8. A storage battery of emf 8.0 V and internal resistance 0.5 Ω is being charged by a 120 V dc supply using a series resistor of 15.5 Ω. What is the terminal voltage of the battery during charging? What is the purpose of having a series resistor in the charging circuit?
(A) 11.5 V; To increase charging speed
(B) 10.0 V; To act as a voltage regulator
(C) 11.5 V; To limit the current drawn from the supply
(D) 12.0 V; To protect the DC supply
Answer: (C) 11.5 V; To limit the current drawn from the supply
Explanation:
During charging, the effective EMF is the difference between supply and battery, \( 120 – 8 = 112 \, V \).
The total resistance is \( 15.5 + 0.5 = 16 \, \Omega \). Hence, current \( I = \frac{112}{16} = 7 \, A \).
The terminal voltage is \( V = E + Ir = 8.0 + (7 \times 0.5) = 11.5 \, V \).
The series resistor is used to limit the current to a safe value and prevent damage.
9. The number density of free electrons in a copper conductor estimated in Example 3.1 is 8.5 × 10²⁸ m⁻³. How long does an electron take to drift from one end of a wire 3.0 m long to its other end? The area of cross-section of the wire is 2.0 × 10⁻⁶ m² and it is carrying a current of 3.0 A.
(A) 2.5 × 10⁴ s
(B) 2.7 × 10⁴ s
(C) 3.1 × 10⁴ s
(D) 3.5 × 10⁴ s
Answer: (B) 2.7 × 10⁴ s
Explanation:
The drift velocity is given by \( v = \frac{I}{neA} \).

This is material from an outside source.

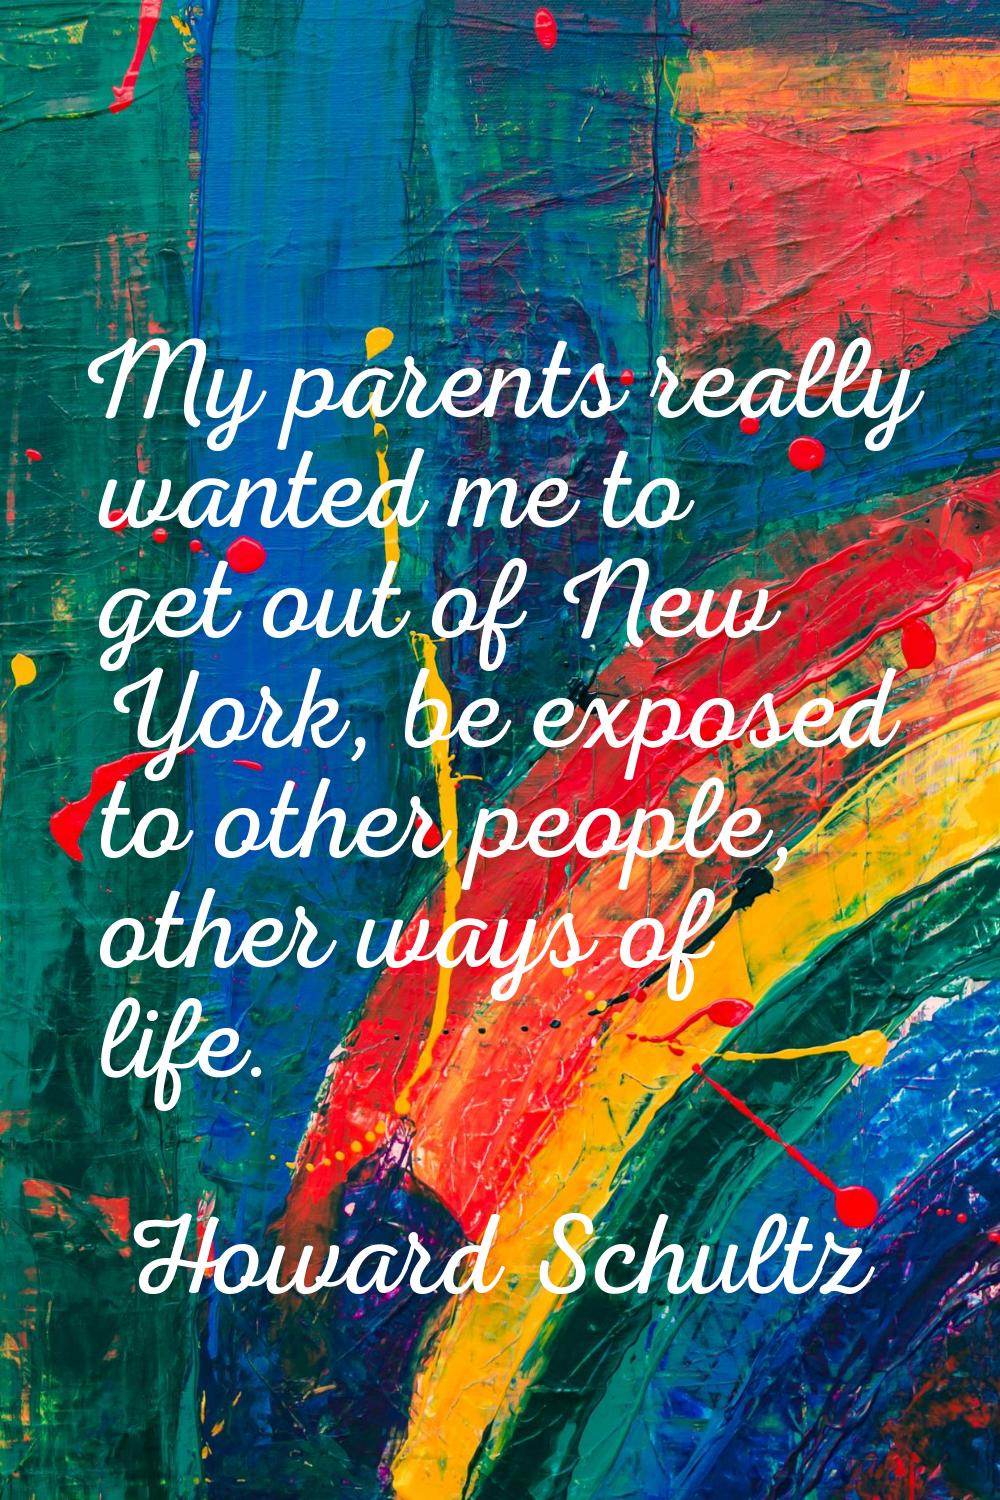 My parents really wanted me to get out of New York, be exposed to other people, other ways of life.

The time taken is \( t = \frac{l}{v} = \frac{neAl}{I} \).
Substituting values \( n = 8.5 \times 10^{28} \), \( e = 1.6 \times 10^{-19} \), \( A = 2.0 \times 10^{-6} \), \( l = 3.0 \), \( I = 3.0 \), we get approximately \( 2.7 \times 10^4 \, s \).
Thus, the time taken is 2.7 × 10⁴ s.